Robots Fuel the Last Mile

2 April 2019
delivery robots

Fully autonomous parcel delivery robots take traffic congestion, lack of parking, and delivery failure out of the last mile equation.

The last mile in the logistics chain is often inefficient and complicated due to traffic, a lack of parking, and high delivery failure rates. Enter Malaysian start-up HelloWorld Robotics, with its mission to use robots for making last-mile delivery smarter, cheaper, and faster.

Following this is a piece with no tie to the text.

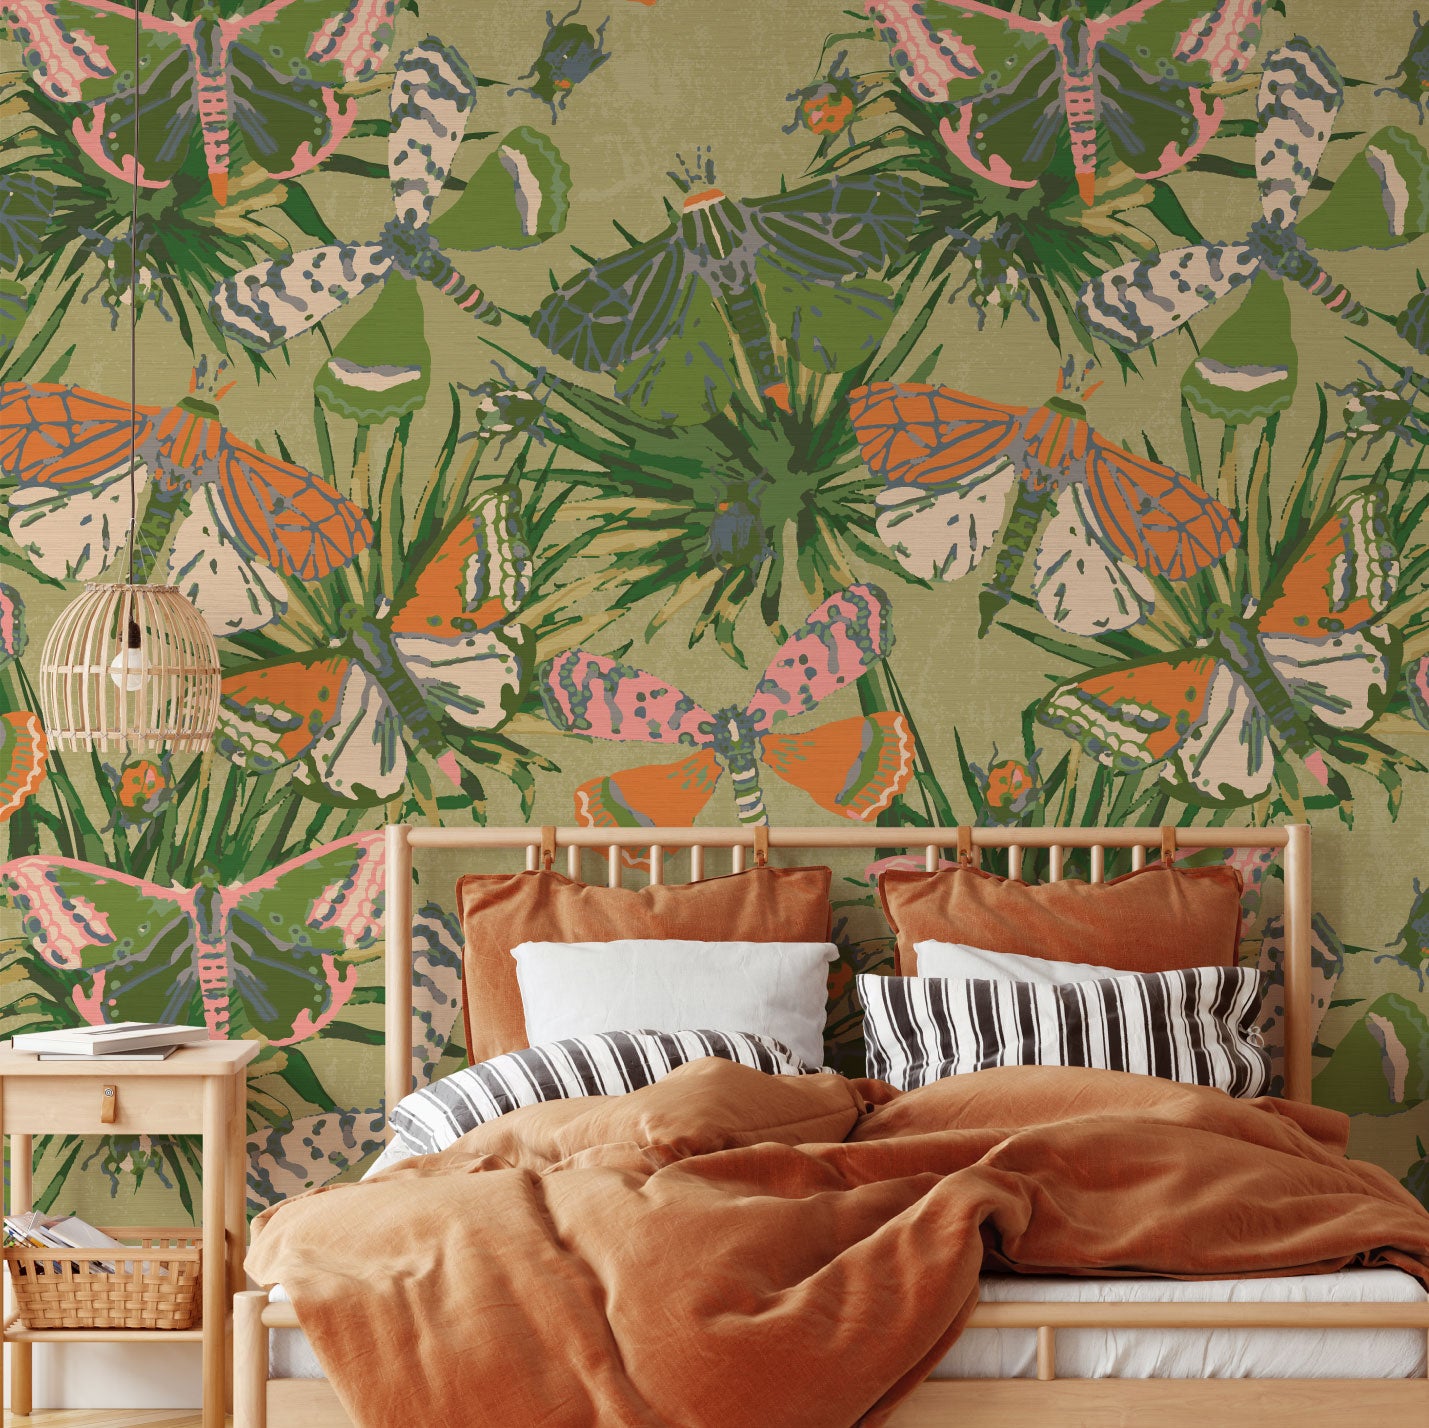 Grasscloth wallpaper Natural Textured Eco-Friendly Non-toxic High-quality Sustainable Interior Design Bold Custom Tailor-made Retro chic Bold tropical butterfly bug palm leaves animals botanical garden nature kids playroom bedroom nursery green moss jungle olive bedroom

HelloWorld was founded by 27-year old electrical engineer Kennedy Wai. Despite having just celebrated the company’s first birthday, Wai is already in preliminary talks with Malaysian incubator Futurise to test the first prototypes in Cyberjaya in Selangor this year. HelloWorld’s robots are fully-autonomous, delivering packages to safety boxes that are designed and provided for by the company.

The boom in e-commerce means big business for global parcel delivery. The worldwide market for parcel delivery is estimated at US$79 billion, including pick-up, line-haul, and sorting. The last mile accounts for a substantial portion, up to 50% of the value, which makes it a key area of investment and innovation. It’s also the part of the supply chain most fraught with problems. Distribution in urban areas is hampered by congestion, inefficient collection processes, lack of parking, unconsolidated deliveries, and delivery failure when the recipient is not home. Additional complications in southeast Asia include poor road access or lack of formal or identifiable home addresses.

“For now, a lot of other companies are using robots for delivery but they haven’t provided a fully complete delivery service for their customers,” says Wai. “And that’s one of our advantages.” Autonomous robots, he says, can prove highly useful in low density populations where labour costs are high. In the future, drones will also be an effective solution in circumstances where infrastructure and roads are poor. They still face barriers in urban environments due to their weight restrictions and battery life, as well as regulation.

Wai says HelloWorld’s robots, which can deliver within a three to four-kilometre radius at a speed of about 3km per hour, are ideal for gated communities such as school campuses or industrial parks. By delivering to the purpose-made safety boxes, the customer can conveniently collect items in their own time. Designed to be environmentally friendly, HelloWorld’s robots are also combatting air pollution and traffic congestion, which are among the negative effects of e-commerce.

There is a bright future for the use of automation in logistics, say the authors of the McKinsey report Fast forwarding last-mile delivery–implications for the ecosystem, especially for its potential to increase efficiency: “Autonomous delivery vehicles are and will be the dominant technology in this regard, and they have the power to reshuffle the entire industry.”